▶ _Data segment_
+++

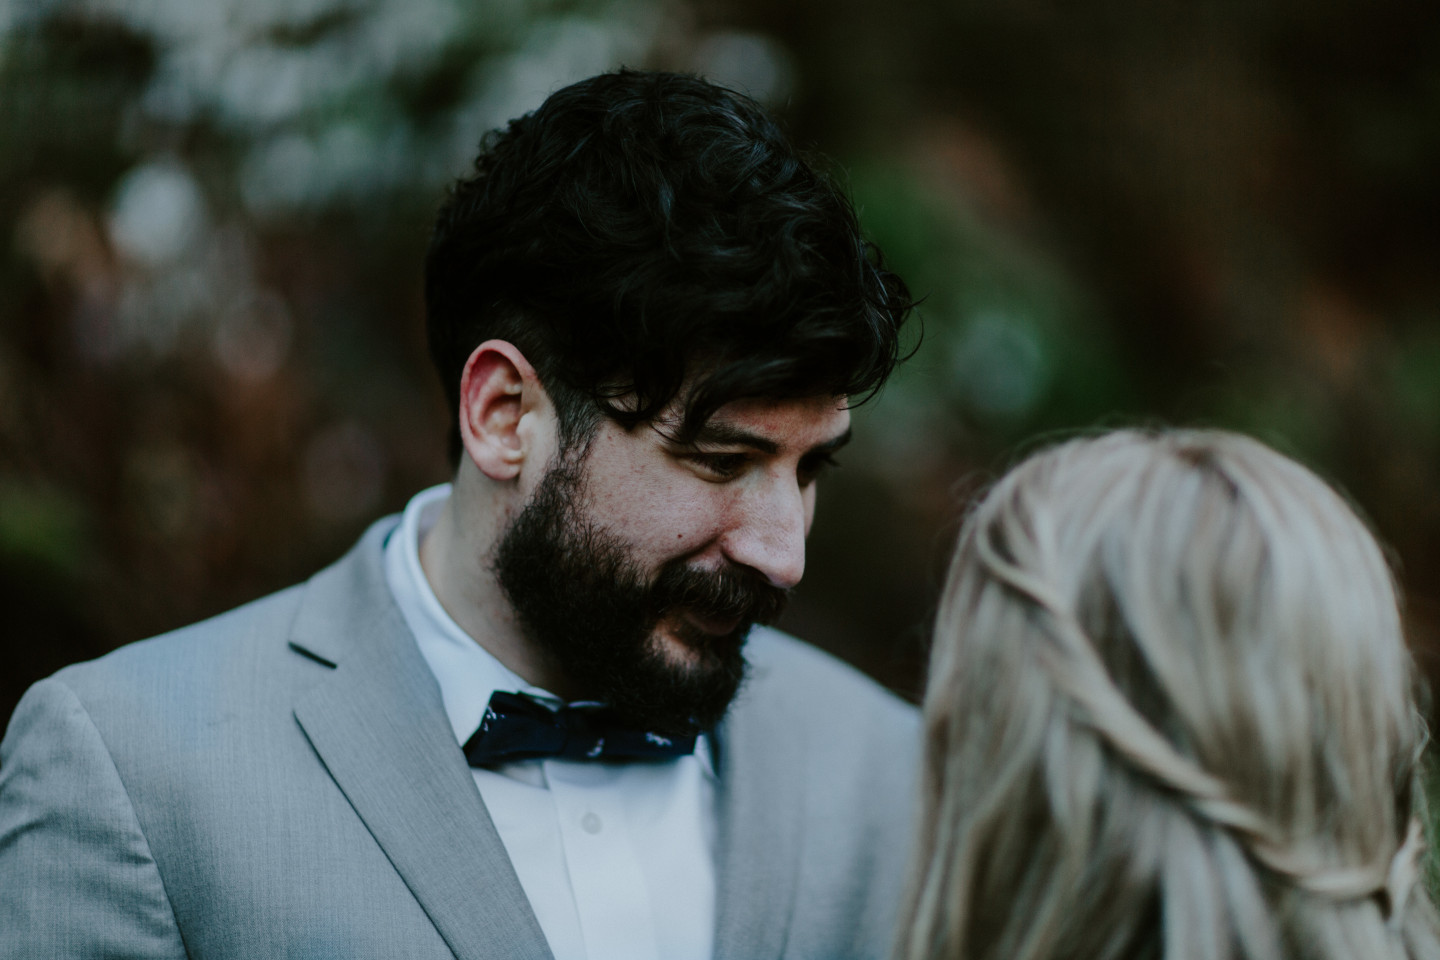 Boris smiles at Tyanna. Adventure elopement in the Columbia River Gorge by Sienna Plus Josh.
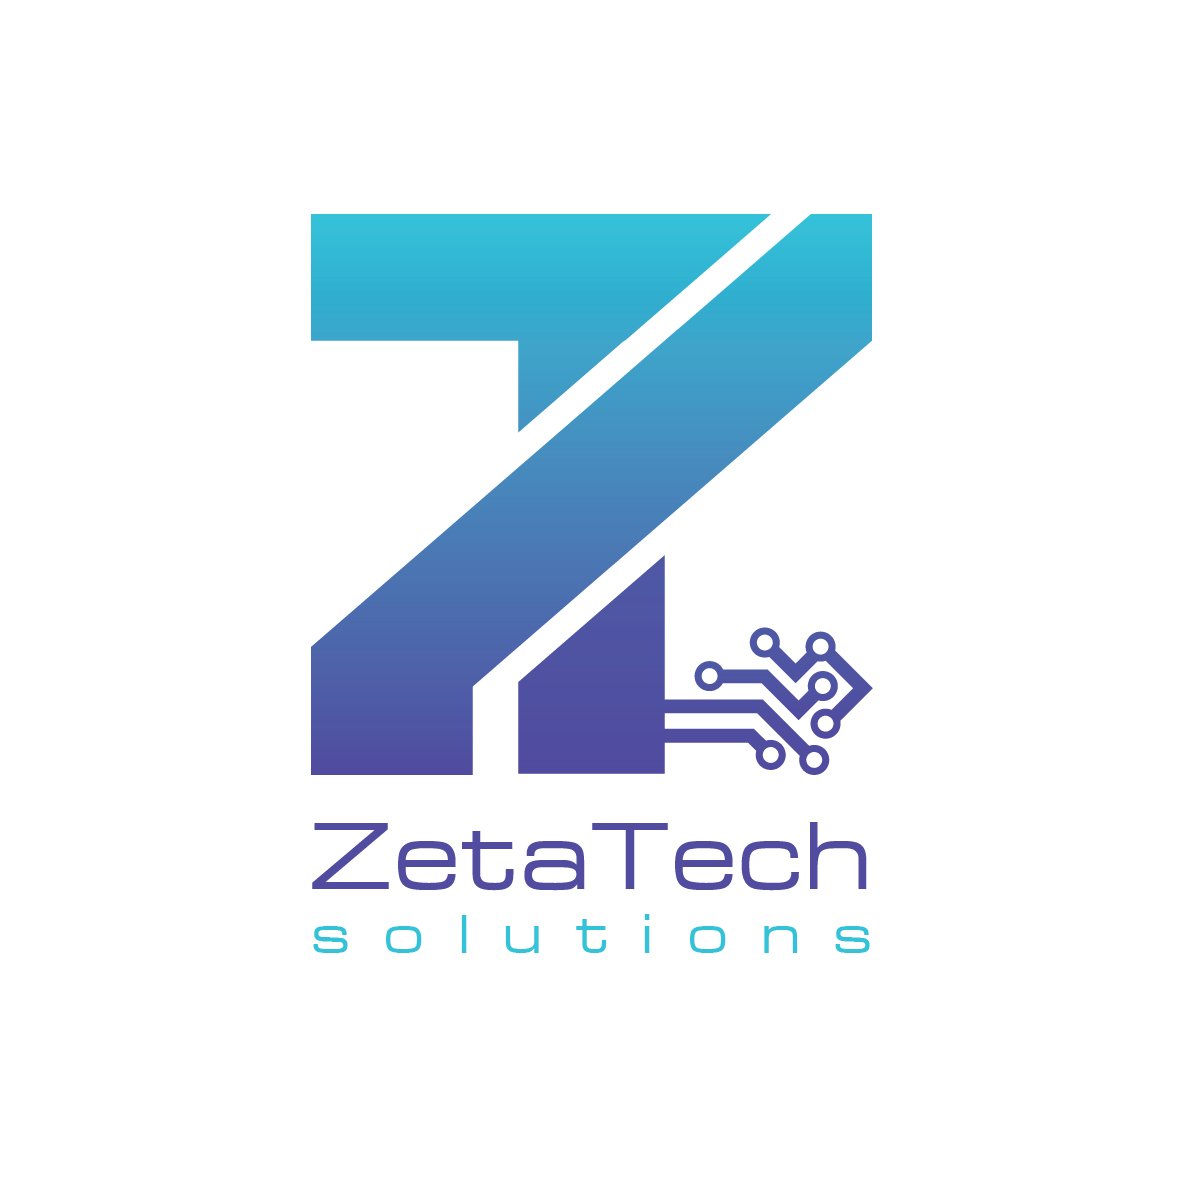 ZetaTech is dedicated to develop high quality mobile and web applications at very competitive prices, with a portfolio that includes applications in healthcare.
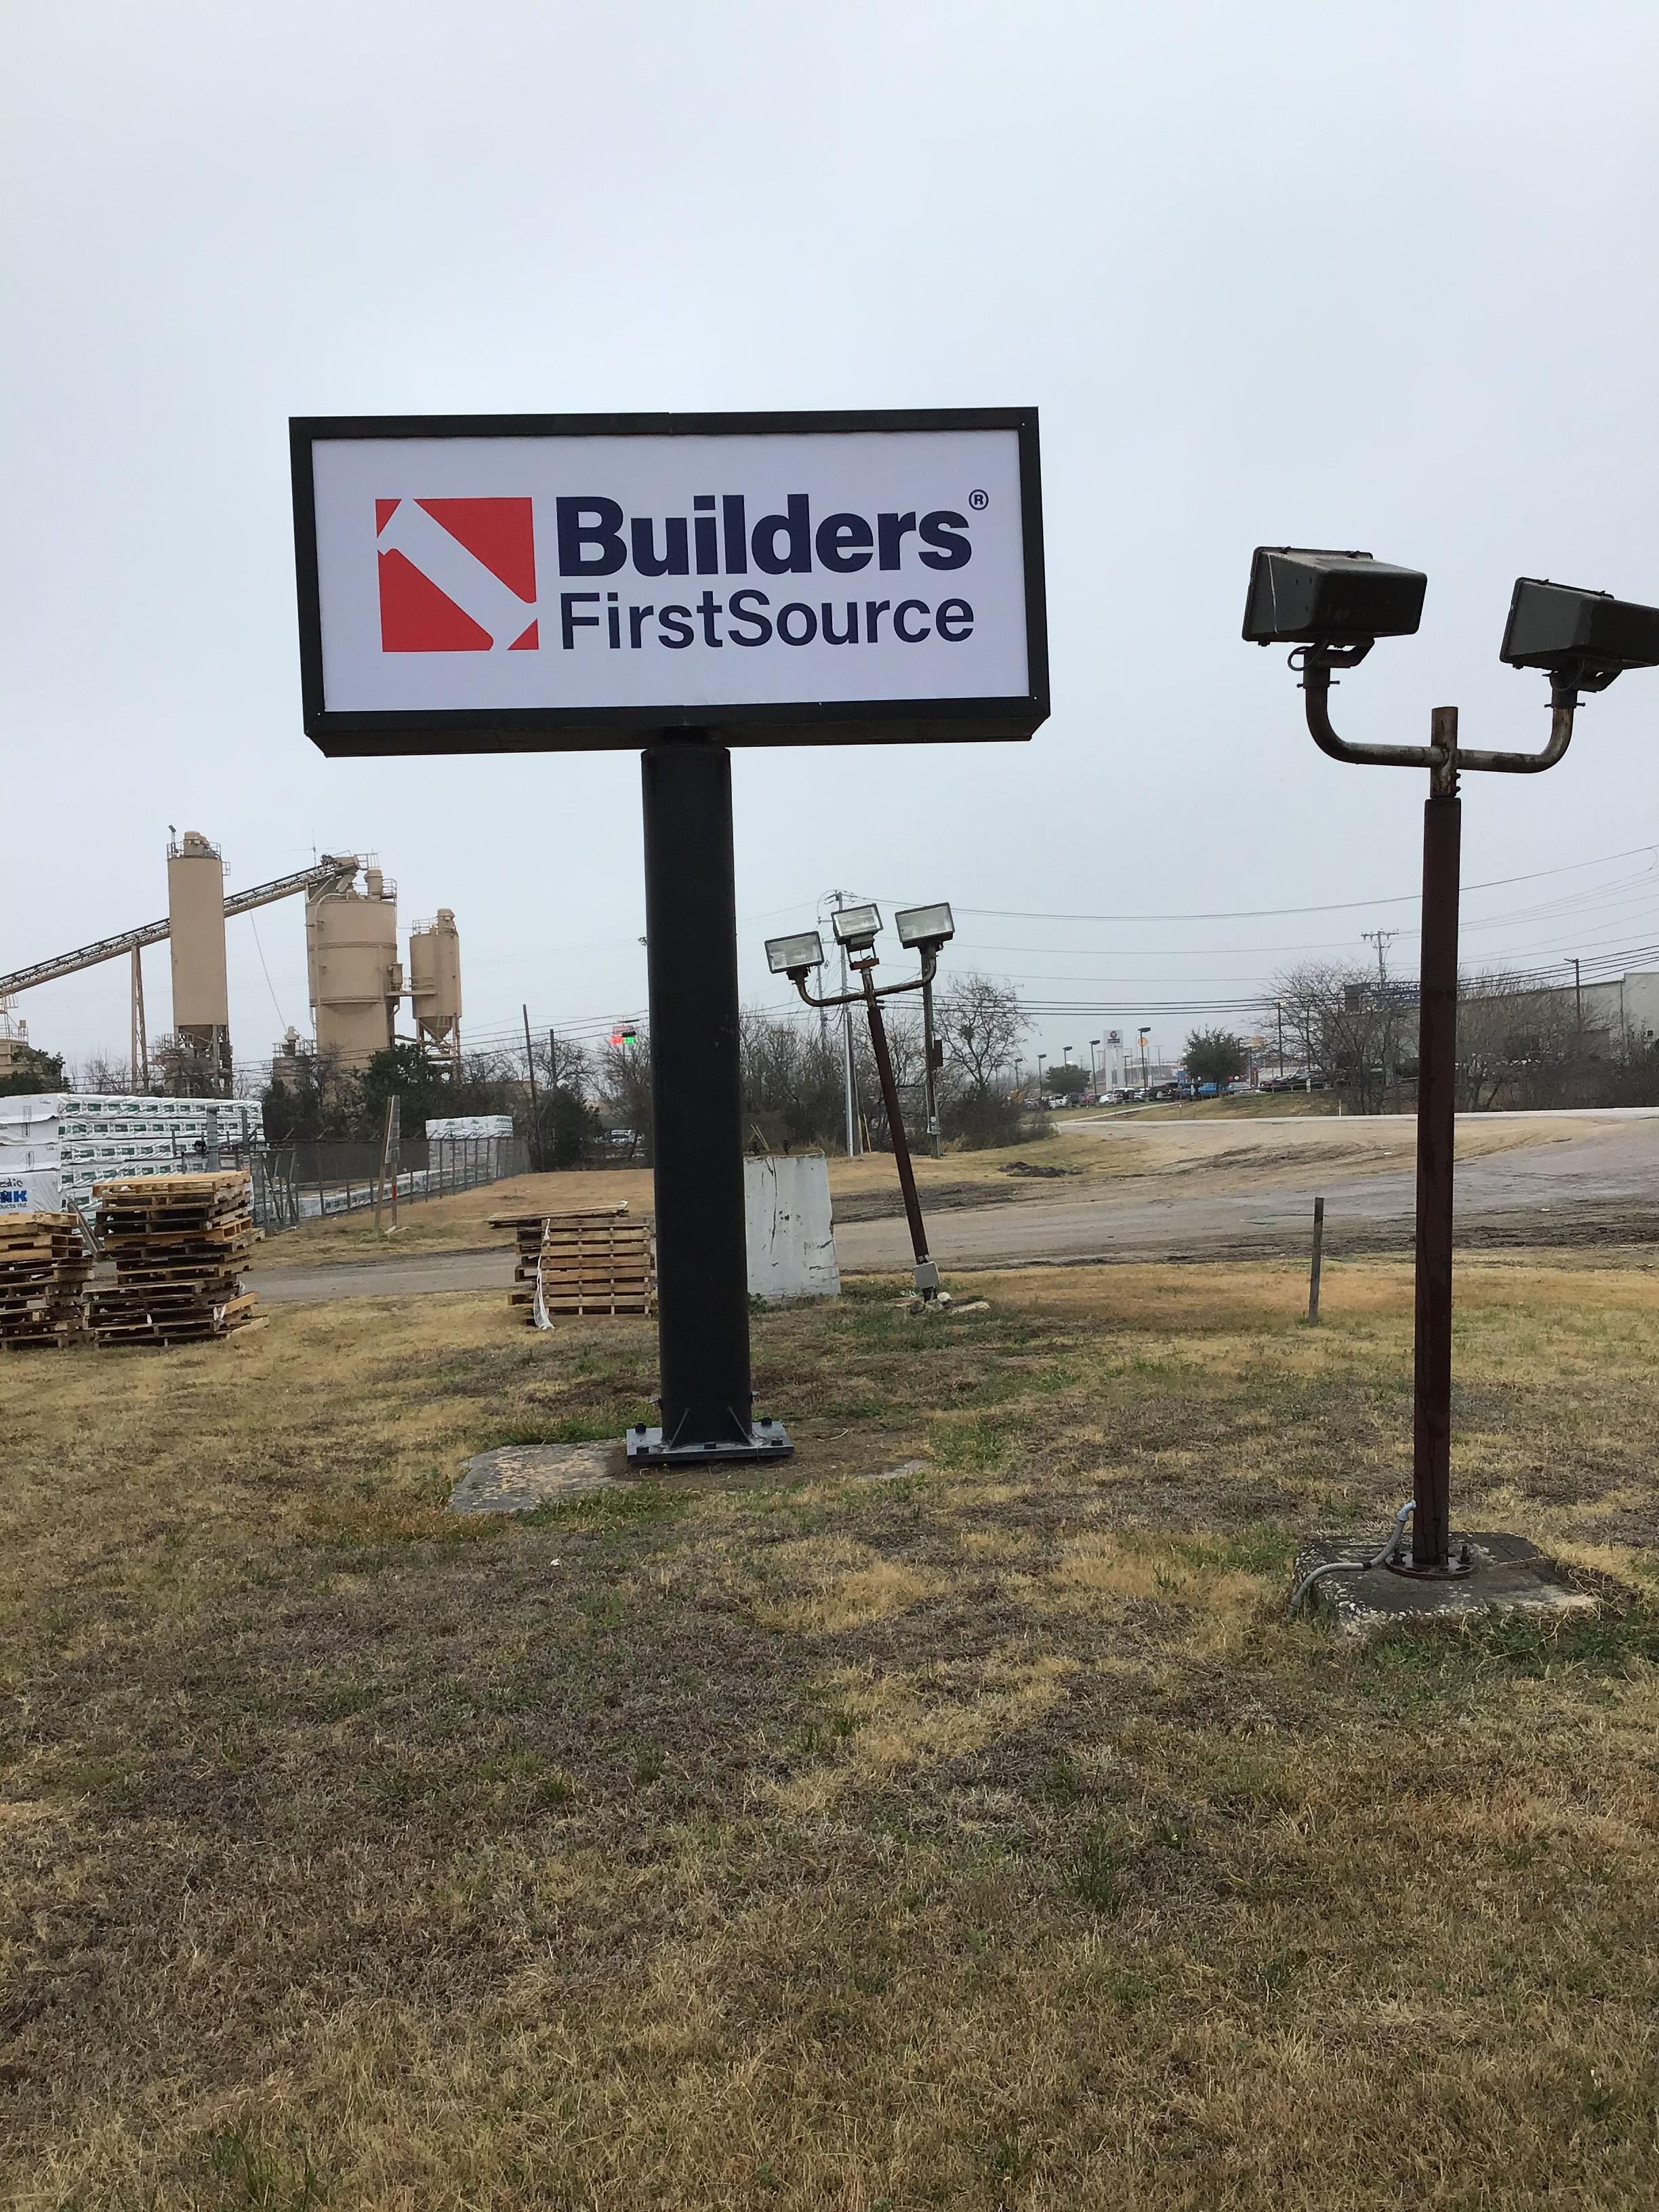 Builders FirstSource lumber yard pole sign in New Braunfels, TX.

+++

▶ _Task brief_
Copy out all the data exactly; skip the pictures.

▶ _Task output_
 Boris smiles at Tyanna. Adventure elopement in the Columbia River Gorge by Sienna Plus Josh.
 ZetaTech is dedicated to develop high quality mobile and web applications at very competitive prices, with a portfolio that includes applications in healthcare.
 Builders FirstSource lumber yard pole sign in New Braunfels, TX.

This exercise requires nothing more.